Laboratory validation of a laser shaping system before guide star projection

Multiple sodium laser beacons are a crucial development in multi-conjugate adaptive optics systems that offers wide-field diffraction limited adaptive optics correction to the astronomical community. This correction is strongly dependent on the laser beam power and quality, so a beam shaping concept is currently being developed to speed-up calibration and alignment of the laser before every run. A method previously reported, has now been implemented on a laboratory bench using MEMS deformable mirrors. Necessary calibration and characterization of the deformable mirrors are described and the results for experimental amplitude correction are presented.

Closed-loop control for tip-tilt compensation on systems under vibration

Mechanical vibrations affect the performance in modern adaptive optics systems. These structural vibrations induce aberration mainly in tip-tilt modes that reduce the accuracy of the astronomical instrument. Therefore, control actions need to be taken. With this purpose we present a laboratory demonstration of vibration rejection of tip-tilt modes using closed-loop control, inducing vibration on the test bench via an eccentric motor with controllable frequency, in order to simulate the structural vibrations mentioned above. We measure the laser vibration and its tip-tilt aberration using a camera and a Shack Hartmann Wave Front Sensor. The control action is carried out by a Fast Steering Mirror (FSM).

Vibrations in MagAO: frequency-based analysis of on-sky data, resonance sources identification, and future challenges in vibrations mitigation

Frequency-based analysis and comparisons of tip-tilt on-sky data registered with 6.5 Magellan Telescope Adaptive Optics (MagAO) system on April and Oct 2014 was performed. Twelve tests are conducted under different operation conditions in order to observe the influence of system instrumentation (such as fans, pumps and louvers). Vibration peaks can be detected, power spectral densities (PSDs) are presented to reveal their presence. Instrumentation-induced resonances, close-loop gain and future challenges in vibrations mitigation techniques are discussed.

Closed Loop for Tip-Tilt Vibration Mitigation

Mechanical vibration affects the performance in modern Adaptive Optics systems. In this work we present a demonstration of a vibration mitigation control system for tip and tilt modes using a Fast Steering Mirror.

Model Predictive Control for Laser Beam Shaping

Adaptive Optics (AO) is a technique used to mitigate the effect of the atmosphere in the resolution of scientific images. The performance of an adaptive optics system strongly depends on the quality of the laser beam projected to the sky in terms of amplitude and phase. Currently, cumbersome procedures are carried out to optimize the laser beam. This paper presents the performance of a Model Predictive Controller (MPC) to adjust the quality of the laser in a system of two deformable mirrors. The Results shows that the MPC effectively corrects the amplitude and phase of the laser beam using deformable mirrors with about 140 actuators and a separation between mirrors z = 3 [m].

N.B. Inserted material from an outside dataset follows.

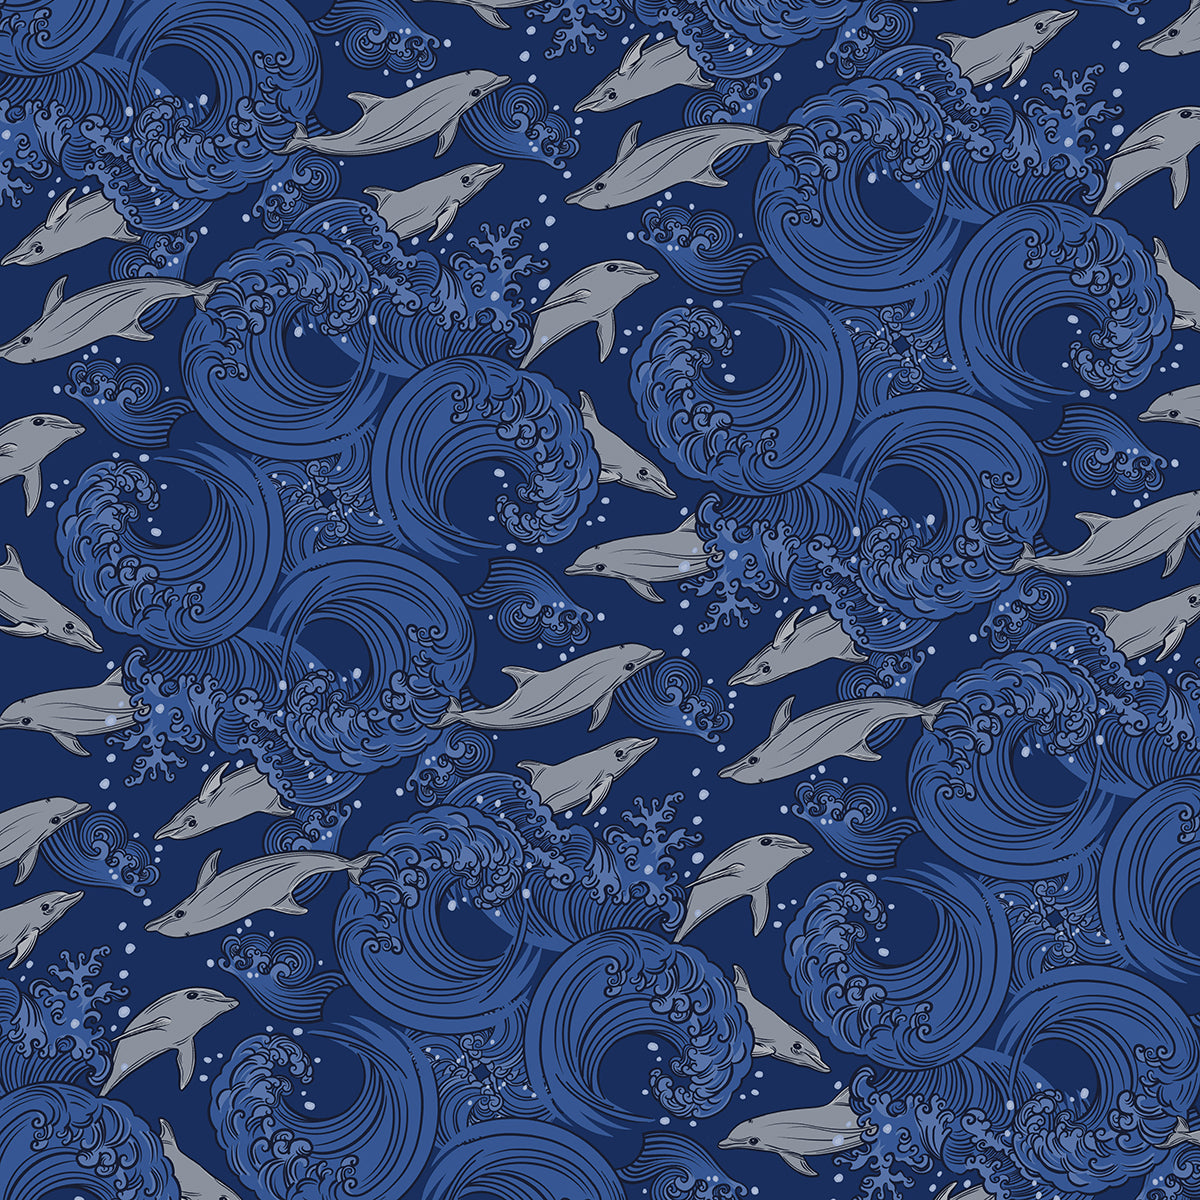 Dolphins on rolling waves Sarong - Pareo

Closed-loop control for laser beam shaping system before guide star projection

The adaptive optics system performance depends on multiple factors, including the quality of the laser beam before being projected to the mesosphere. Cumbersome procedures are required in the laser system to optimize the laser beam in terms of amplitude and phase. However, aberrations of the laser beam are still detected during the operations. The performance of laser projection systems can be improved compensating the effects of aberrations in the laser source or misalignment in the transfer optics before the laser beam propagating through the aperture. Despite the algorithm previously reported predict effective amplitude and phase correction is strongly dependent of an accurate DM characterization and transfer optics alignments. The use of feedback makes the system response better in presence of modeling error and external disturbances. A 2-DM closed loop approach for amplitude and a phase correction is designed. Finally the results of simulations and comparisons are discussed.

Vibrations in MagAO: resonance sources identification and first approaches for modeling and control

The Magellan Telescope Adaptive Optics System (MagAO) is subject to resonance effects induced by elements within the system instrumentation, such as fans and cooling pumps. Normalized PSDs are obtained through frequency-based analysis of closed-loop on-sky data, detecting and measuring vibration effects. Subsequently, a space-state model for the AO loop is obtained, using a standard AO loop scheme with an integrator-based controller and including the vibration effects as disturbances. Finally, a new control alternative is proposed, focusing on residual phase variance minimization through the design and simulation of an optimal LQG control approach.